New Territory
I hope that my sporadic attention to this blog will become more regular as I begin to solve a rather vexing puzzle that I created for myself a few months ago. I signed up at the community college for a course called Web Programming with PHP and MySQL so that I could work toward developing computer applications that would promote my contructivist pedagogy. The course, taught by Chris Lott, was actually part of the impetus to begin this blog in the first place. I was in over my head with the programming, but I learned quite a bit about a number of things related to HTML, PHP, and relational databases.
One of the course requirements was to develop a project. True to form, I took on a rather large challenge to create an online writers workshop. I was successful in getting it to display and edit student writing, and sorting it according to categories, but I bonked on the admin part of the application. This is a critical area for two reasons. There is a need for absolute control over publication since I’m working with little kids who might write about all kinds of personal stuff that would not belong on the internet. It also has to be dead simple to administer.
The course took up most of my free time and a fair amount of my waking hours at work were devoted to thinking about the innumerable problems that were being presented to me. I am not, and will never be, a computer programmer. But I believe that I could work with an existing program, or reverse engineer something to suit my needs. Since the last several months have been framed by the feeling that I just “got off the boat” so to speak with regards to web technologies, I should mention that I also discovered content mangagement systems (being previously unaware of their existence) and recognized their potential usefulness for educational purposes. I would like to give kids tools that are simple enough for them to create, publish, and share multimedia texts. So I have been learning PHP and hunting for a CMS that might be customized to do the job. The problem (is there only one?) is that these tools are for the most part too complex for the average elementary school teacher, or student, to manage to use. My job, then, is to simplify something so that even a kindergartener could use it. Not a simple task!
At the risk of working on my writers workshop project and possibly only achieving what might be the poorly executed recreation of the wheel, I decided to look around at the available open source content management systems built with PHP and MySQL. I’ve loaded Drupal, e107, Mambo, Moodle, phpslash, and PostNuke onto my old iMac and played with them all. I think they are all too complex for what I have in mind right now.

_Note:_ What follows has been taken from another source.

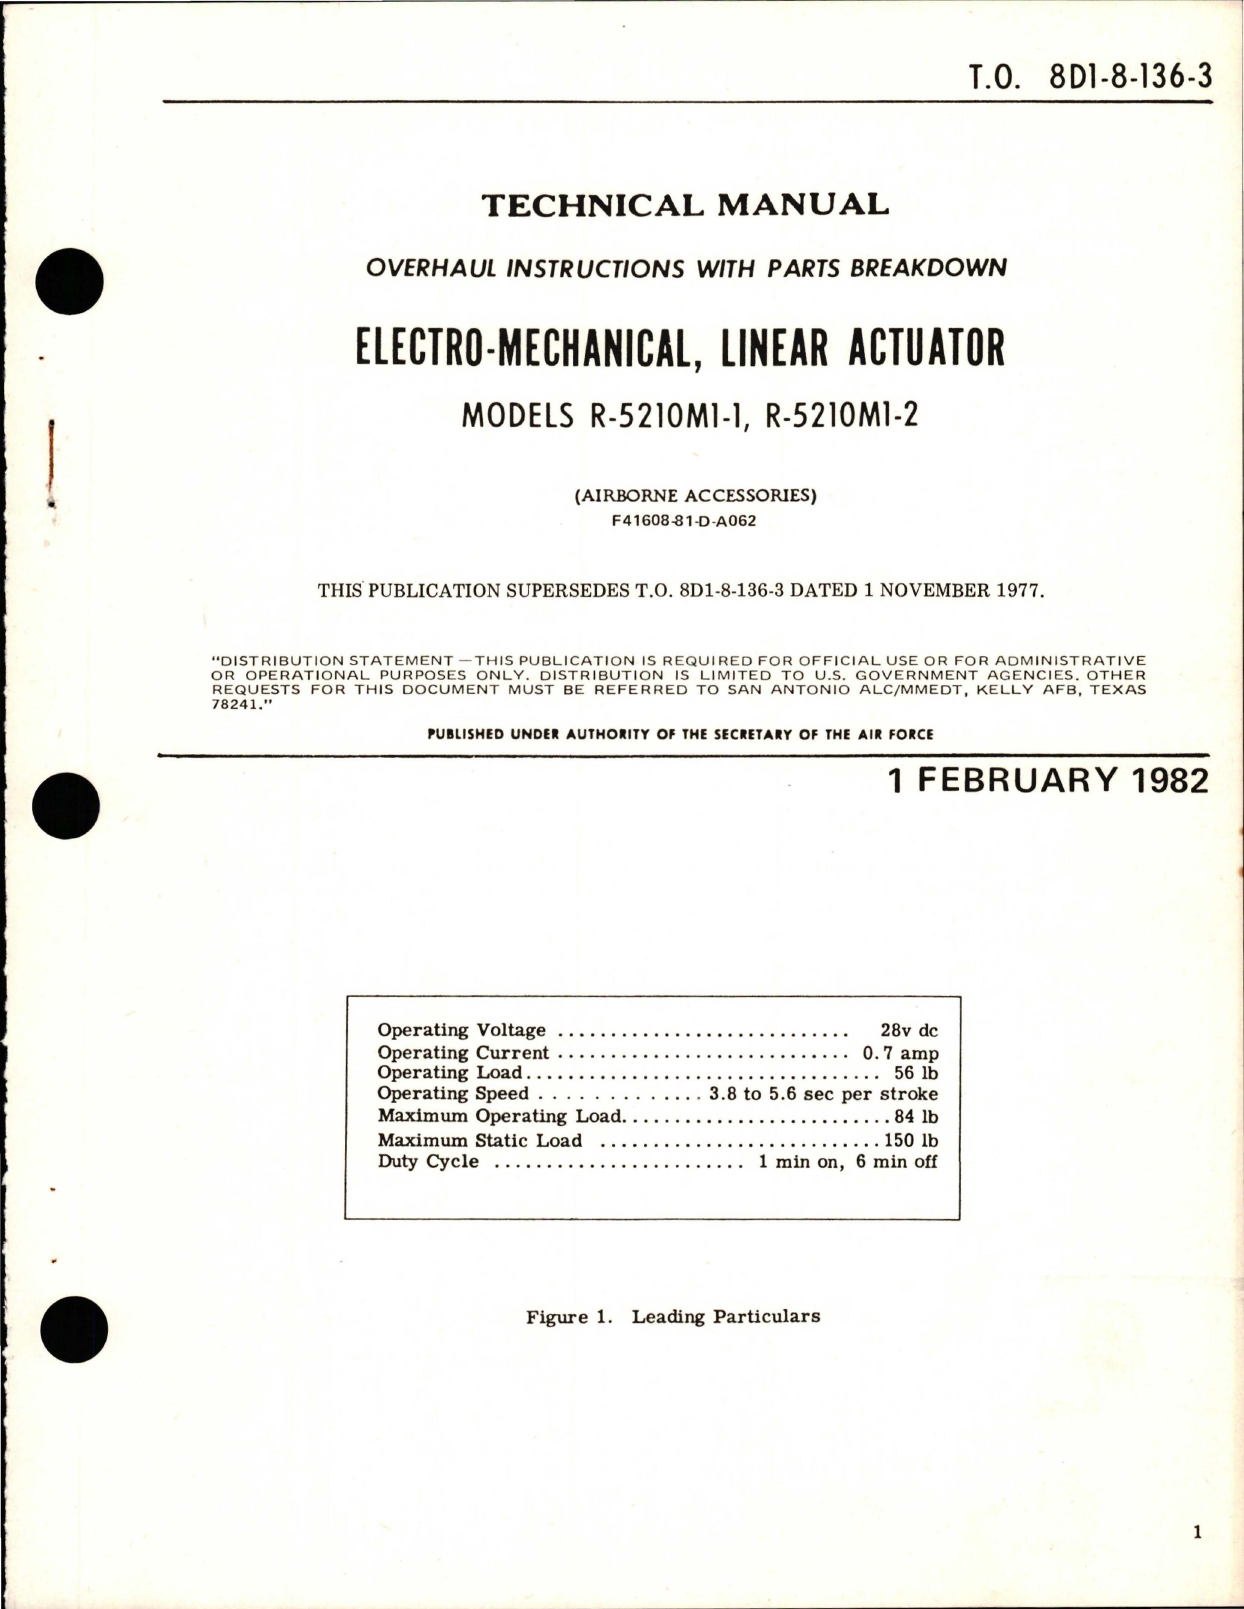 Sample page 1 from AirCorps Library document: Overhaul Instructions with Parts for Electro Mechanical Linear Actuator - Models R-5210M1-1 and R-5210M1-2

So…I found the WordPress Wiki plugins page and am exploring the possibilities there. I like the wiki support pages because the community is large and active. I am also less intimidated to begin hacking on a program that uses only 13 database tables, as opposed to Moodle-the most extreme example from my list- with 97 tables. I gave up on Moodle when I discovered that there were no blogs and the journals module was not accessible to guests or even other class members. I don’t think elementary kids are going to jump right into a forum and start responding to each other in print. They don’t operate like that. If using and writing plugins for WordPress becomes a fruitful avenue, the functionality of this blog site should also begin to increase.
As it stands, I need to learn a lot more about the entire domain of social software. I’m taking a course from Chris on that very topic beginning a few weeks from now!